Environmentalists are protesting a Democratic bill on its way to California Gov. Jerry Brown’s desk that would regulate — but not ban — hydraulic fracturing.
On Wednesday, California lawmakers passed a bill that would “erect a permitting system, mandate groundwater monitoring and dictate more disclosure, including having fracking firms notify neighbors of planned wells and release more information about the chemicals they shoot underground,” The Fresno Beer reports.
Environmental activists were displeased.
“This bill will not protect Californians from the enormous threats of fracking pollution,” said Kassie Siegel of the Center for Biological Diversity’s Climate Law Institute. “Fracking poses unacceptable risks to the air we breathe, the water we drink and our climate. We’ll keep working to end this inherently dangerous activity in our state.”
The Center for Biological Diversity is part of Californians Against Fracking — a coalition of environmental groups that have been pushing for a complete ban on fracking in California and have adamantly opposed the more moderate bill, which has been backed by state Democrats.
“There’s only one prudent next step to protect California’s water, air, and climate – for Governor Brown to place an immediate moratorium on fracking, acidizing, and other unconventional methods of exploiting fossil fuels,” said Victoria Kaplan, campaign director at MoveOn.org.

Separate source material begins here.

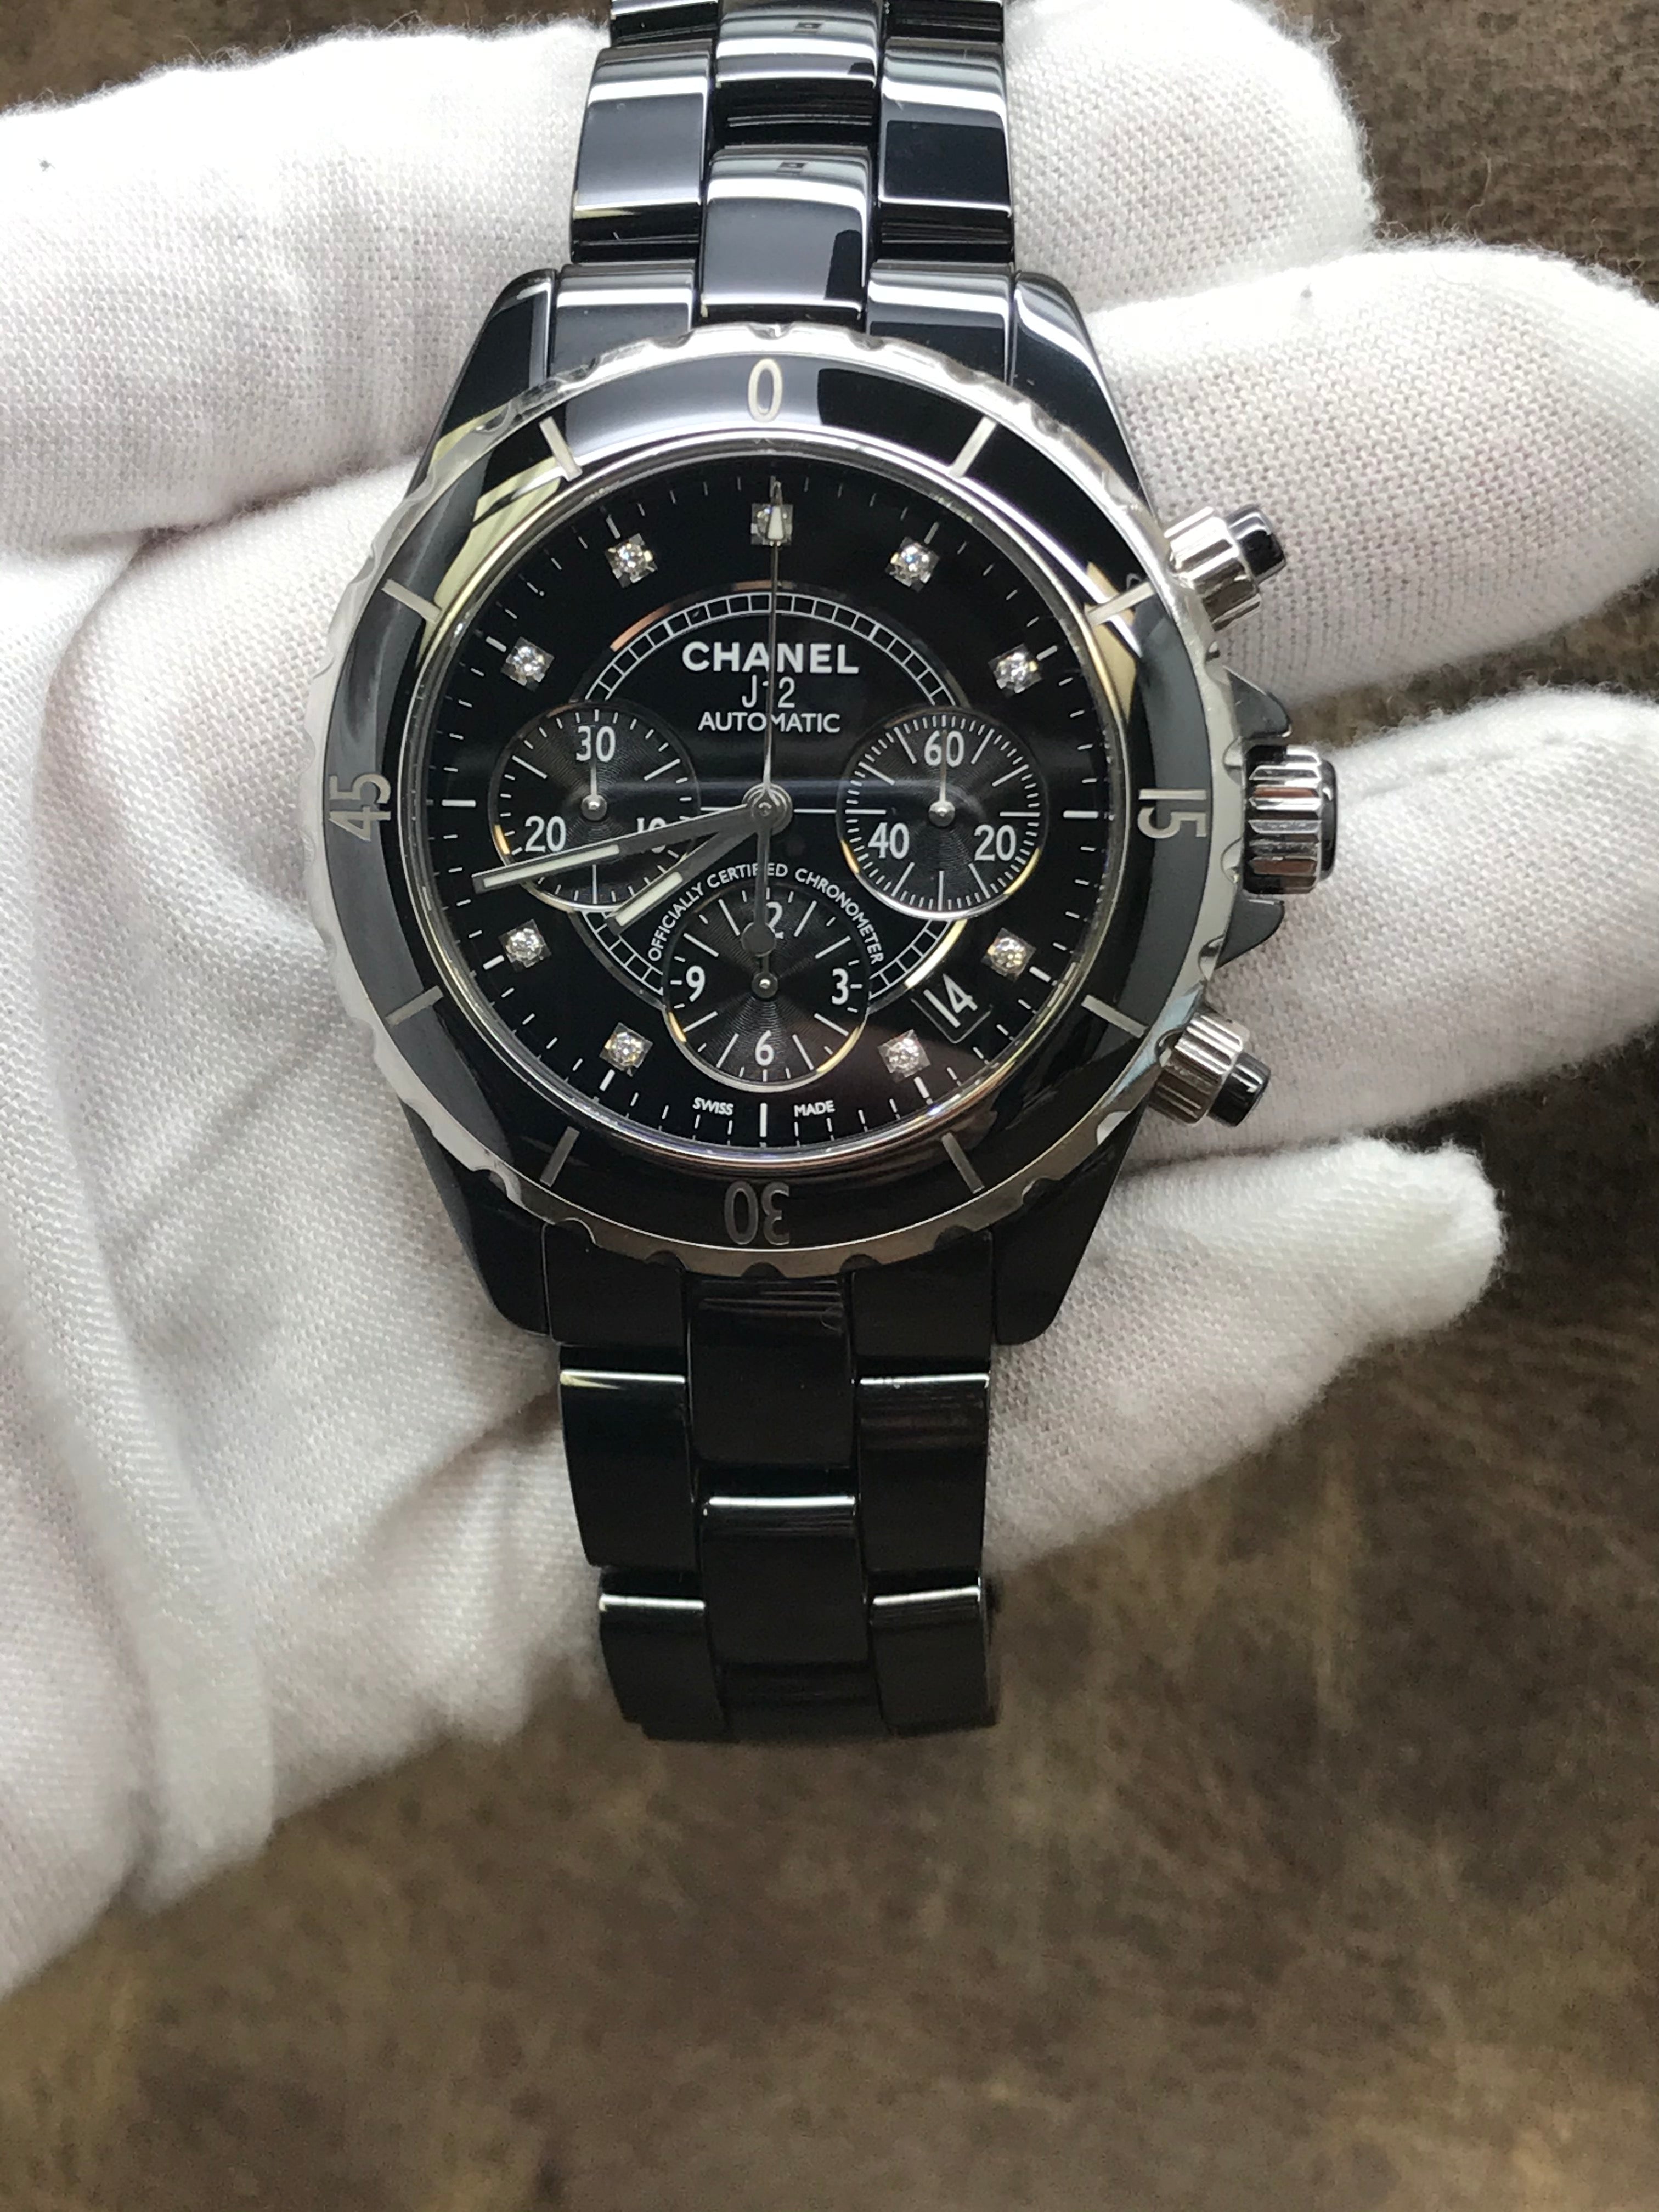 Chanel Watch J12 Chronograph Automatic Black Ceramic Mens 41mm Swiss Made
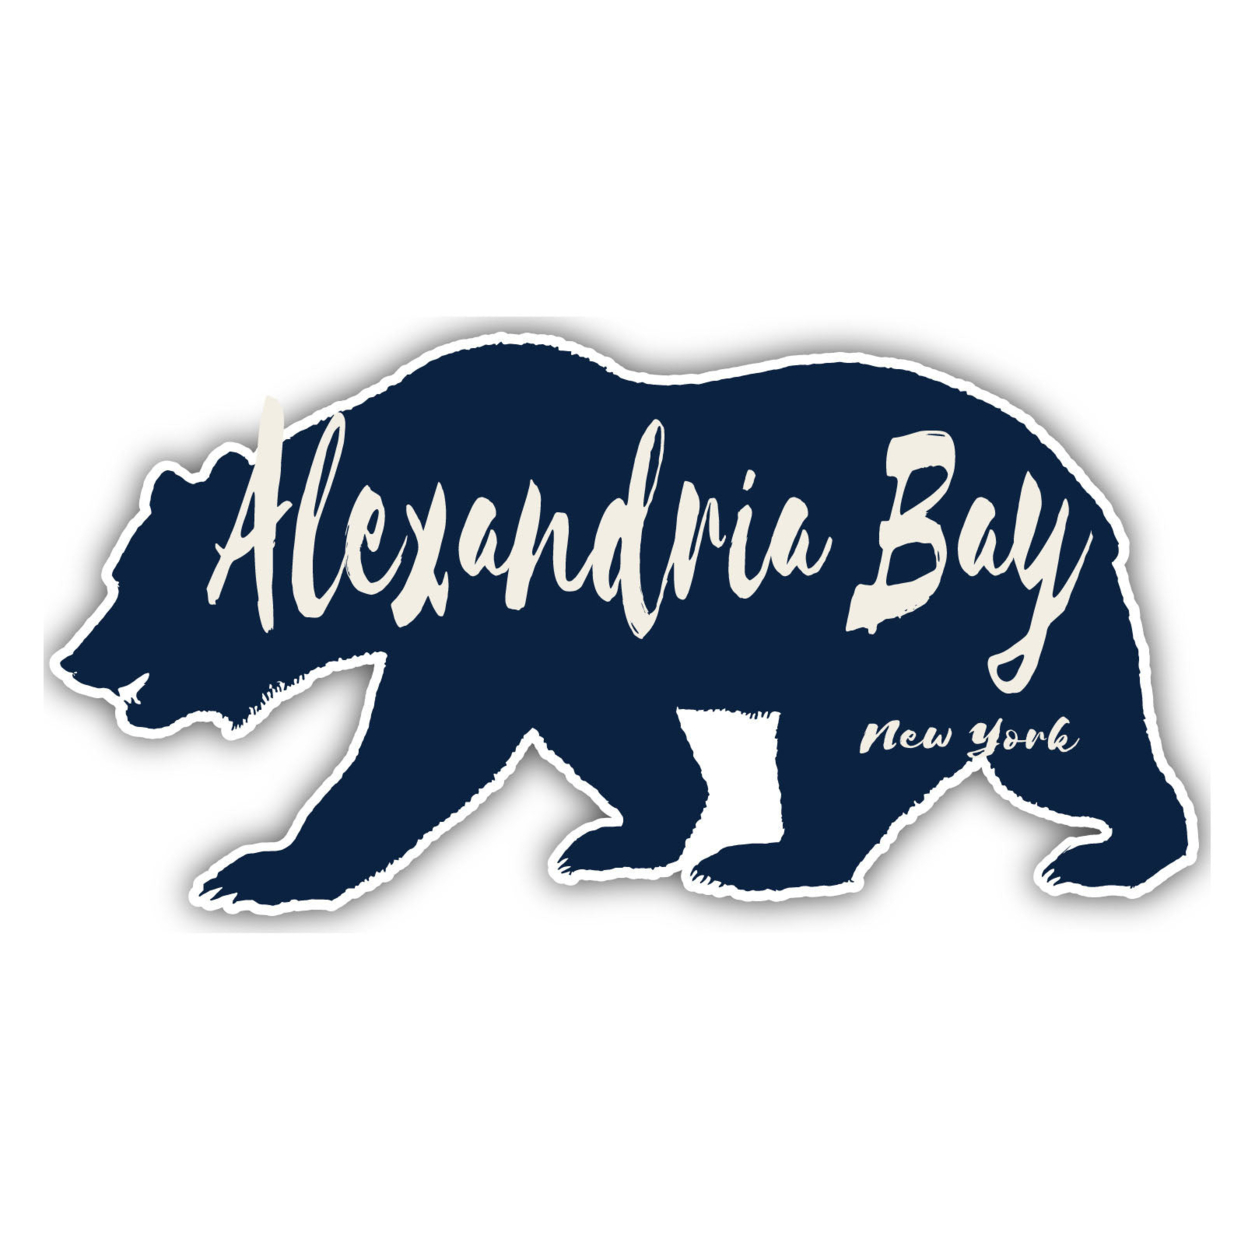 Alexandria Bay New York Souvenir Decorative Stickers (Choose Theme And Size) - Single Unit, 12-Inch, Tent

However, state Democrats have supported the bill despite the fact that it’s not a complete moratorium on fracking.
“I still believe that a moratorium is the best way to go with respect to fracking,” said Democratic Assemblyman Richard Bloom, “but this bill is the next best alternative.”
“Let’s bring on the boom, and let’s make sure the constituents are protected,” said Democratic Assemblyman Adam Gray.
The bill even garnered some Republican support.
“It could be a very significant job-creator in the state of California,” said Republican state Sen. Anthony Cannella.
Not all Republicans supported the bill, however.
“This bill is something that will stop or hurt jobs and economic growth in California,” said Republican Assemblywoman Shannon Grove.
Brown’s office said he is likely to sign the bill.
The Environmental Protection Agency has failed to link fracking to groundwater contamination in three separate investigations, and the Energy Department also recently released a study saying that the drilling practice was safe.
The bill “tragically green-lights an extremely dangerous practice with terrible public health impacts near the homes and schools of California’s communities already most overburdened by pollution,” said Madeline Stano of the Center on Race, Poverty & the Environment.